Write out the listing below exactly, and omit any images you find in it.

INFORMATION SUPPLIED:
----------
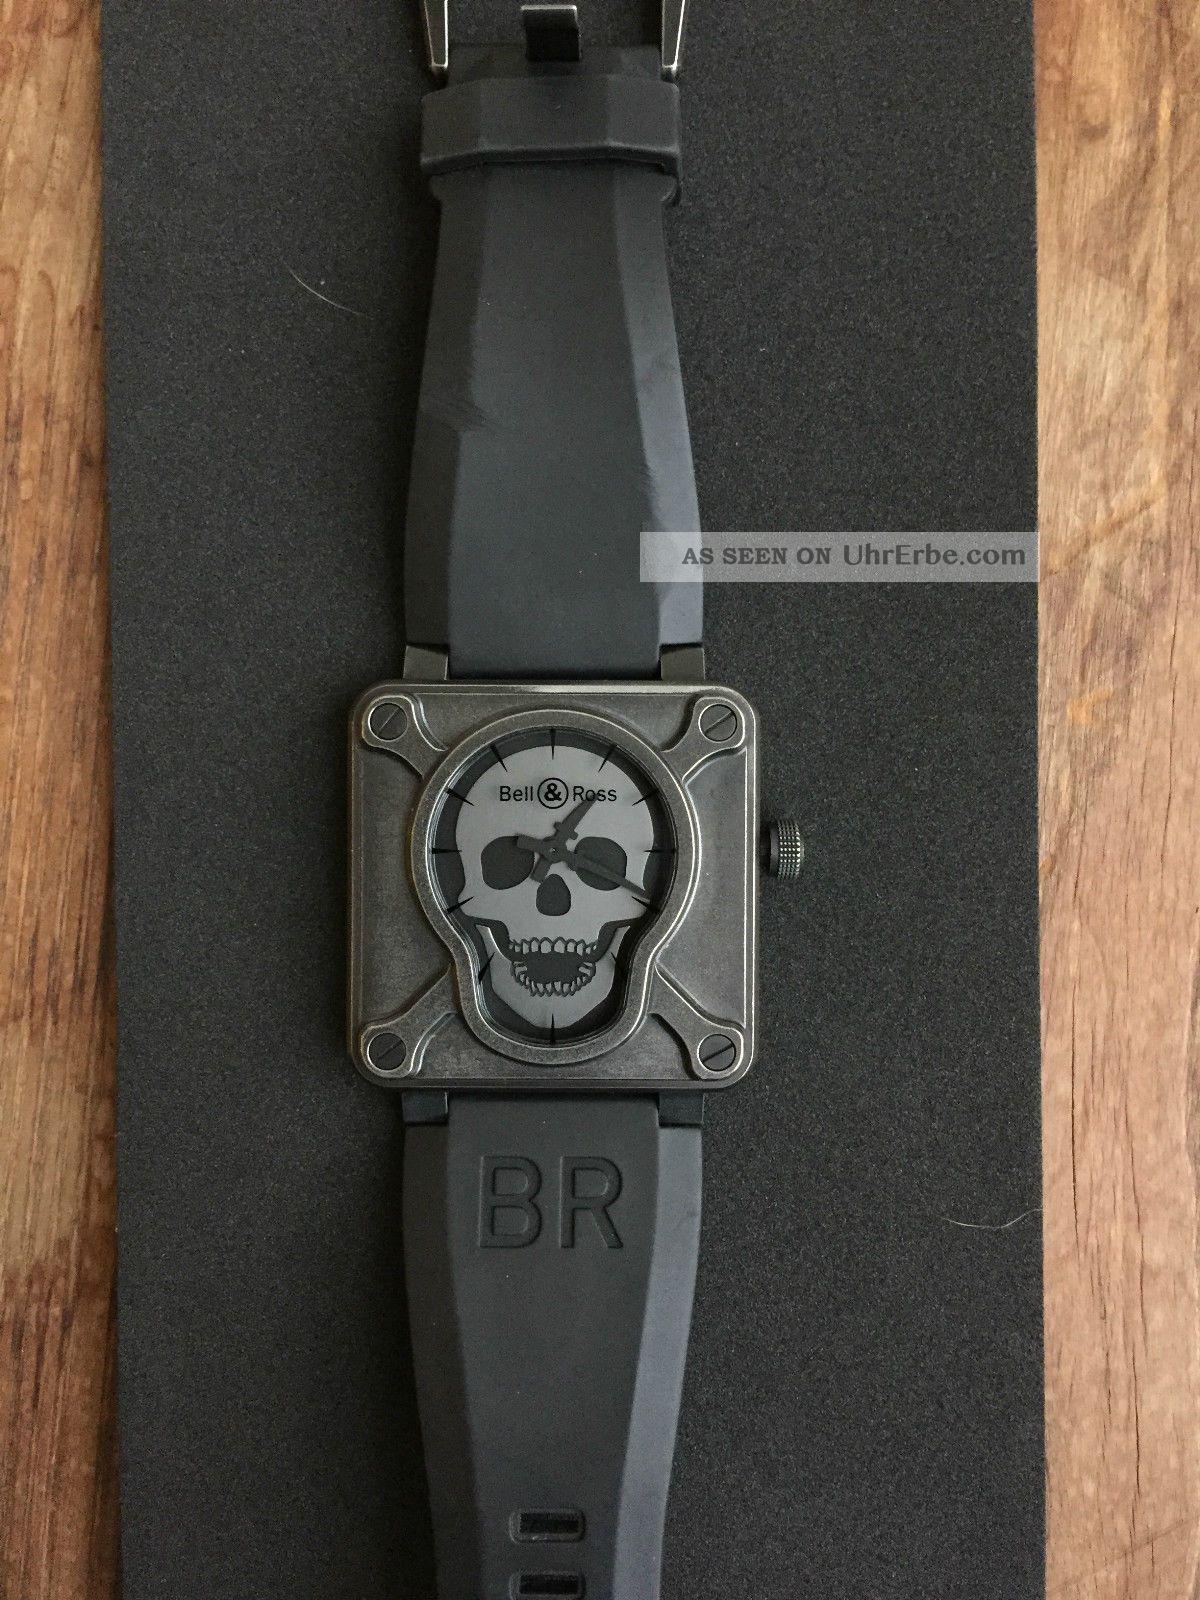 Bell & Ross Aviation Br01 - 92 - S - Airborn Uhr Mit Totenkopf - Limited Edition Armbanduhren Bild
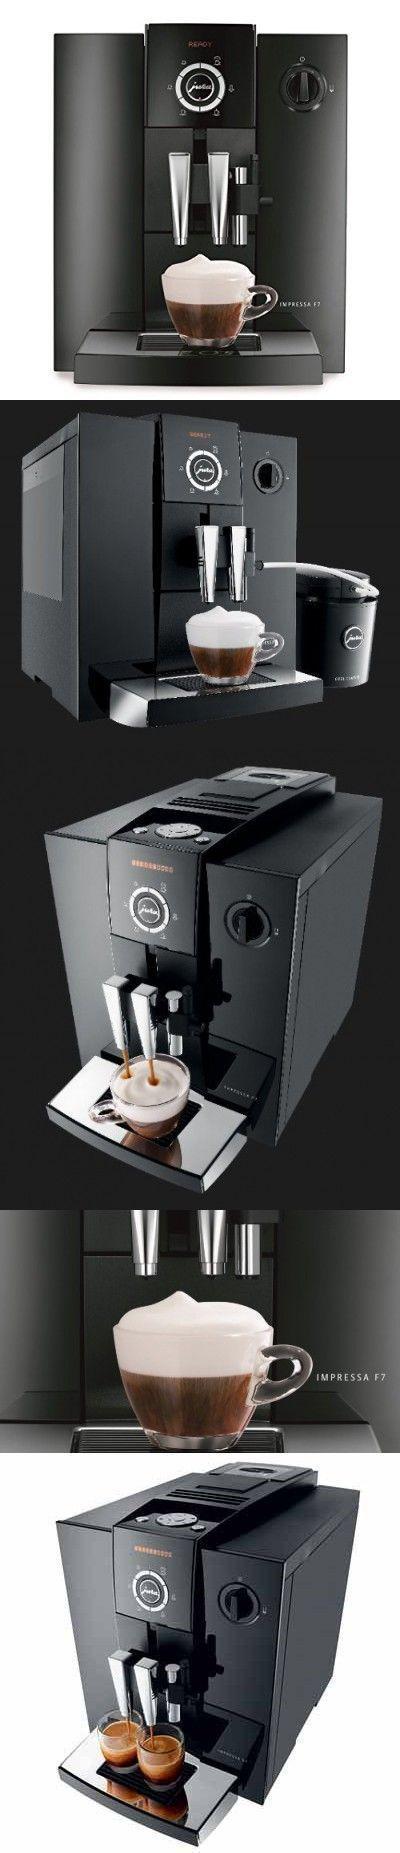 Jura Impressa F7 Automatic Coffee Center (Certified Refurbished) #juraimpressa Jura Impressa F7 Automatic Coffee Center (Certified Refurbished) #juraimpressa Jura Impressa F7 Automatic Coffee Center (Certified Refurbished) #juraimpressa Jura Impressa F7 Automatic Coffee Center (Certified Refurbished) #juraimpressa Jura Impressa F7 Automatic Coffee Center (Certified Refurbished) #juraimpressa Jura Impressa F7 Automatic Coffee Center (Certified Refurbished) #juraimpressa Jura Impressa F7 Automatic #juraimpressa
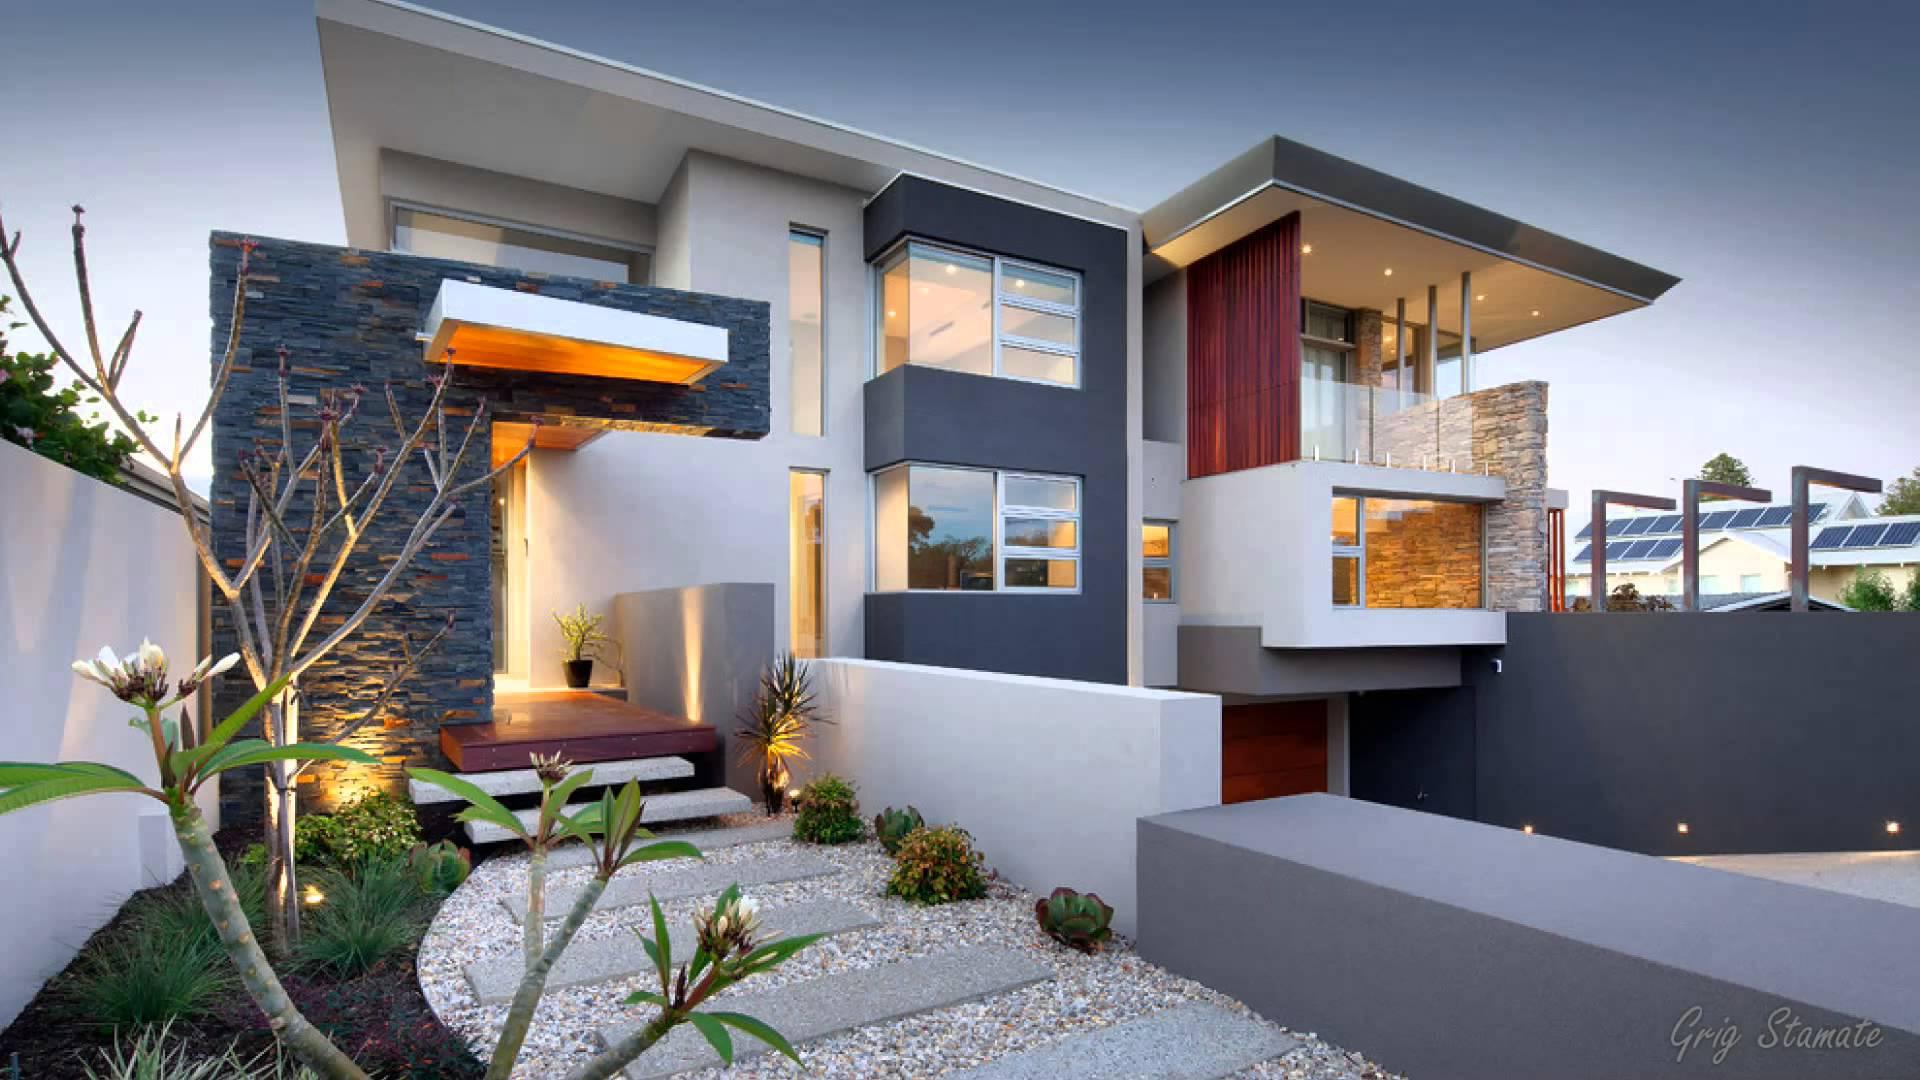 stunning ultra modern house designs - youtube RJUMZQT
----------
ANSWER BELOW:
 Bell & Ross Aviation Br01 - 92 - S - Airborn Uhr Mit Totenkopf - Limited Edition Armbanduhren Bild
 Jura Impressa F7 Automatic Coffee Center (Certified Refurbished) #juraimpressa Jura Impressa F7 Automatic Coffee Center (Certified Refurbished) #juraimpressa Jura Impressa F7 Automatic Coffee Center (Certified Refurbished) #juraimpressa Jura Impressa F7 Automatic Coffee Center (Certified Refurbished) #juraimpressa Jura Impressa F7 Automatic Coffee Center (Certified Refurbished) #juraimpressa Jura Impressa F7 Automatic Coffee Center (Certified Refurbished) #juraimpressa Jura Impressa F7 Automatic #juraimpressa
 stunning ultra modern house designs - youtube RJUMZQT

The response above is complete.